Development of a Quantitative Systems Pharmacology Model of the Blood Coagulation Network & its Application to Clinical Programs

A number of therapeutics have been developed or are under development aiming to modulate the coagulation network to treat various diseases such as Hemophilia. We developed a quantitative systems pharmacology model to better understand the effect of modulating various components on blood coagulation. The model of the coagulation network was composed of mass balance reactions and was optimized to describe ex vivo biomarkers including thrombin generation assay (TGA) parameters, activated Partial Thromboplastin Time (aPTT) and Prothrombin Time (PT) and in vivo biomarkers under non-bleeding conditions including prothrombin fragment 1+2 (PF1+2), D-dimer and thrombin anti-thrombin III complex (TAT). Protein synthesis and degradation were turned on to describe the in vivo model, but were turned off when describing ex vivo biomarker changes.
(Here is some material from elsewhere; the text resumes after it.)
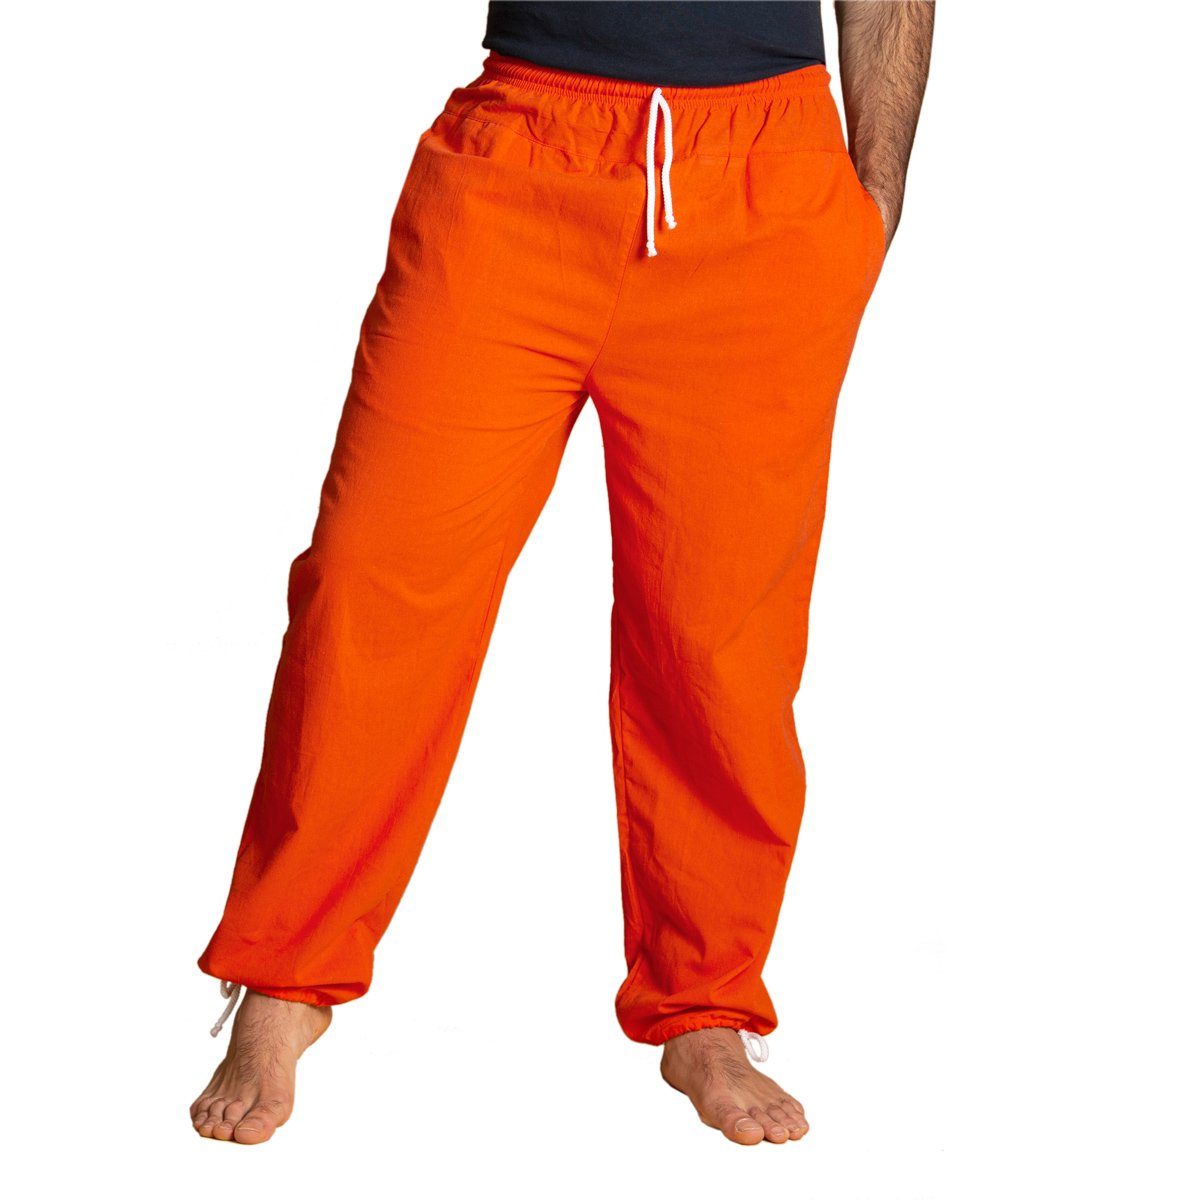 PANASIAM Wellnesshose E-Pants leichte Unisex Bundhose aus weicher Baumwolle für Damen und Herren Freizeithose mit Tunnelzug Relaxhose bequeme Sommerhose Orange

Platelet activation-dependent reactions also had different reaction rates for the ex vivo vs. in vivo biomarkers to reflect differences in assay conditions. Both in house data with various concentrations of recombinant factor VIIa (FVIIa) or factor Xa added to normal human plasma or factor VIII-deficient plasma and literature data were used for estimating model parameters. Sensitivity analysis applied to the model revealed that biomarkers show different sensitivity to changes in coagulation factors' concentrations and the type of plasma used (normal or factor VIII-deficient).The model was validated through a comparison between clinical data from the recently concluded Pfizer study in Hemophilia subjects. We observed good agreement between clinical observations and model predicted results, providing us with further confidence to apply the model in dose selection strategies for subsequent phases. Finally, we applied the model to predict how variability in concentrations of the proteins in coagulation network may impact the response to FVIIa treatment in Hemophilia subjects.